I was fairly sure that by “Duke” he didn’t mean Edward VIII. Before there was time to even think, “Feets, do yo’ stuff,” I was all but out the door. My producer, the splendid Gary Smith, didn’t need to ask where I was going. He just said, “Get him for the show.”
“Sure thing,” I said, laughing.
I hit the ground running. A man carrying a fake tree pointed the way. It felt like that heavy slogging one experiences in dreams. I knew I’d be too late. I got through a section of London, the New York street, the New England village . . . and there it was up ahead. The square of an old Western town. “The Shootist,” which proved to be John Wayne’s final movie, was being filmed.

Somehow — although it seemed I had met all my heroes and non-heroes in the biz — I had always been certain, deep down, that I was not destined to meet John Wayne. It was just not in the scheme of things.
If the word “icon” — used daily now for just about everybody, even me — ever applied in its fullest force to anyone it was to the man embarrassed as a kid by his real name, Marion Mitchell Morrison.
How could I ever hope to find myself standing beside the star of “Sands of Iwo Jima,” seen five times by Jimmy McConnell and me in our Nebraska youth? (Later, we’d “play” the movie, taking turns being The Duke, our bikes standing in for horses.)
How could I expect to meet “The Ringo Kid” from “Stagecoach”? Or the man in another one of those great Monument Valley John Ford classics (“She Wore a Yellow Ribbon”?), riding toward the camera, the cavalry column behind him, the storm overhead. Surely this mythic figure could not occupy the space right next to you.
And yet there he was.
The gods had smiled and arranged for my first glimpse of him to be the ideal one. Mounted and in full cowboy drag: the chaps, the boots and spurs, the neckerchief and the well-worn Stetson atop the handsome head. He was waiting for the scene to begin.
I moved, or rather, was moved toward him. He saw me gazing upward.
“Well,” he said — in John Wayne’s voice! — “It sure is good ta meet ya.”
I reached up to shake the mounted man’s proffered hand. It enveloped mine like a baseball glove.
He was instantly likable and, although it seems almost the wrong word for such a fellow, charming. We chatted for several minutes until shooting resumed. I watched him ride off for the next shot. I figured that was it. I was satisfied.

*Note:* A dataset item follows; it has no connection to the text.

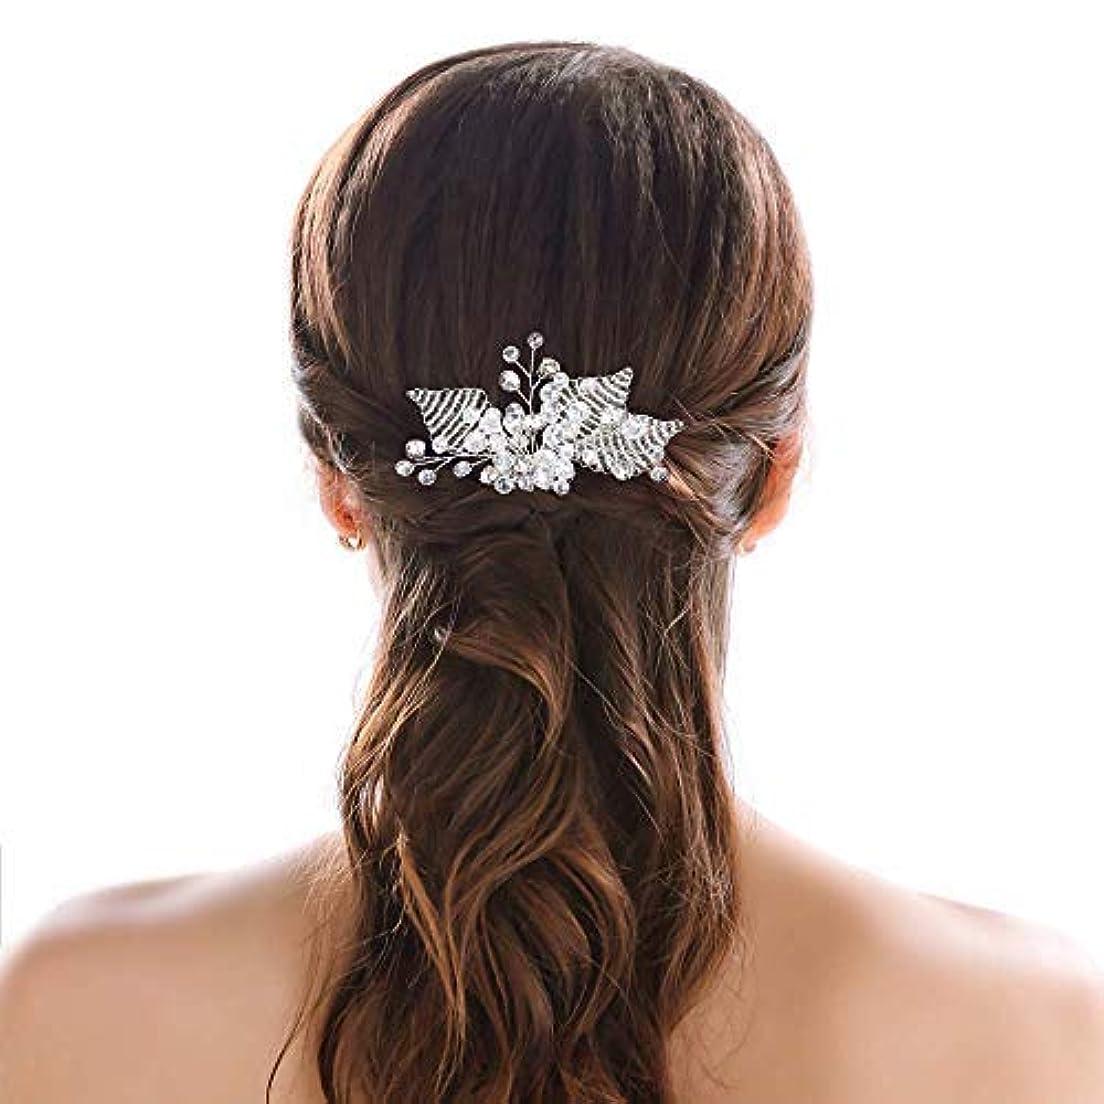 オズワルドトリッキー非常にJovono Bride Wedding Hair Comb Bridal Headpieces Beaded Rhinestone Hair Accessories for Women and Girls (Silver) [並行輸入品]
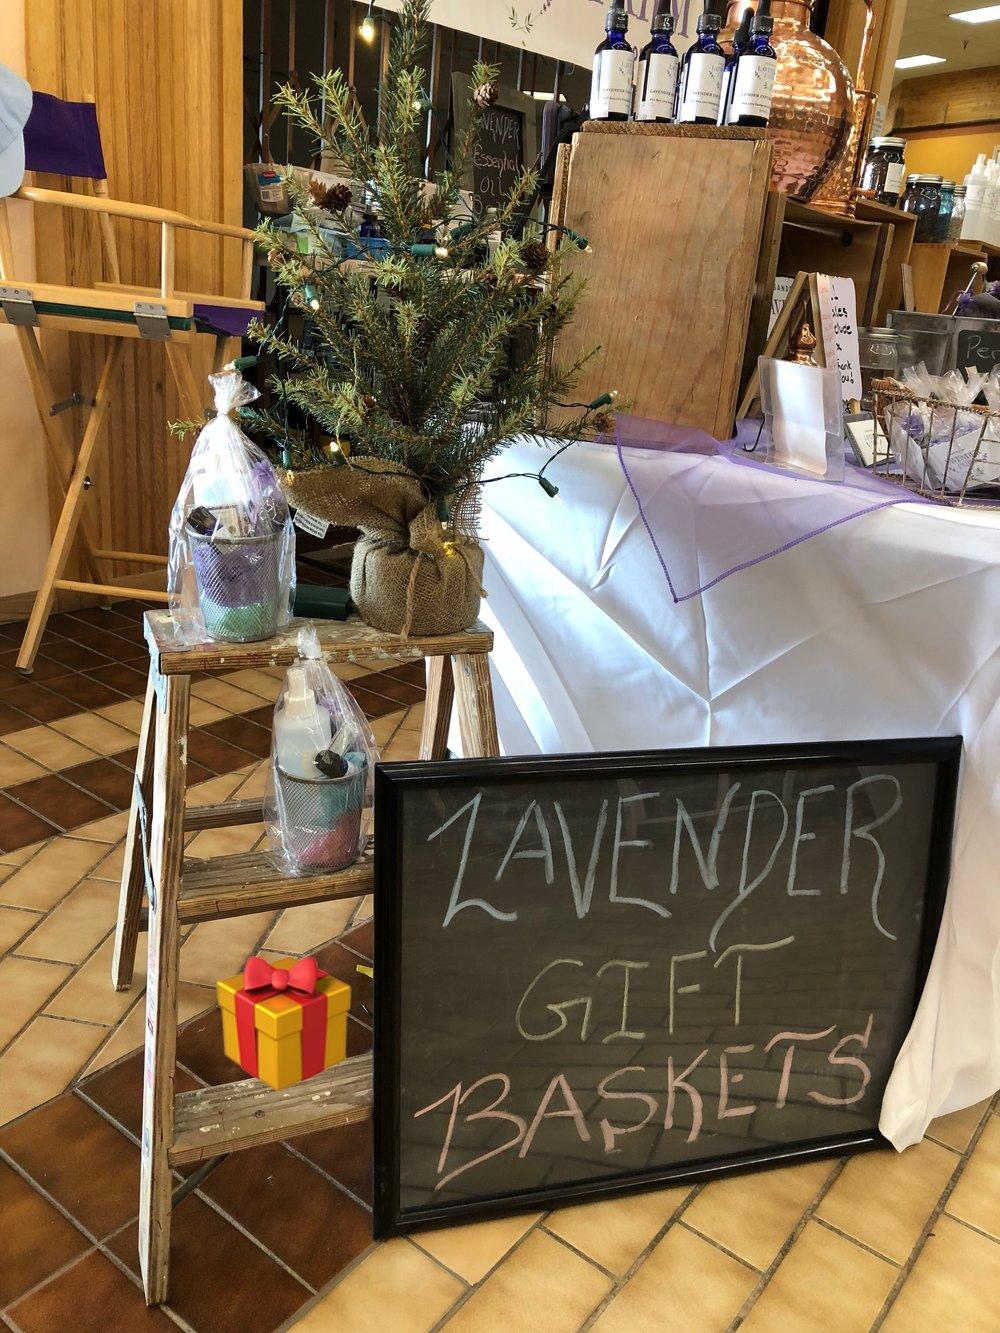 Lavender gift baskets!!💜

Meanwhile, I had forgotten about the special, and I started to leave. I couldn’t wait to phone Jimmy McConnell.
Suddenly, the Duke — preceded by his shadow — came up behind me, on foot now. As with the Great Pyramid at Giza, nothing prepared you for his size. (And there was a rumor that he wore lifts in his boots. I was not about to ask.)
“I’d enjoy talking to ya but I’ve got a scene to shoot with Betty Bacall,” he said. “Do you want to watch?”
The answer came easily. And my new friend led me inside to the set.
It was the old West, and the scene was in the kitchen of the house belonging to Lauren Bacall’s character. She was about to serve him a meal.
“Ya wanna run your lines, Duke?” asked an assistant.
“No thanks, I know ’em. Most of ’em, anyway.” (Crew laughs.)
I was a few feet from him, in the shadows. They were still setting up and Duke was humming to himself, and — I guess unconsciously recognizing the tune — I began to hum along. He spotted me and chuckled. And the following dialogue took place. On my solemn word. (I went straight home and wrote it all down before it faded.)
Wayne: Wasn’t he great?
Me: Who?
Wayne: Coward.
Me [startled, realizing now that the tune was Noel Coward’s “Someday I’ll Find You”]: Yes.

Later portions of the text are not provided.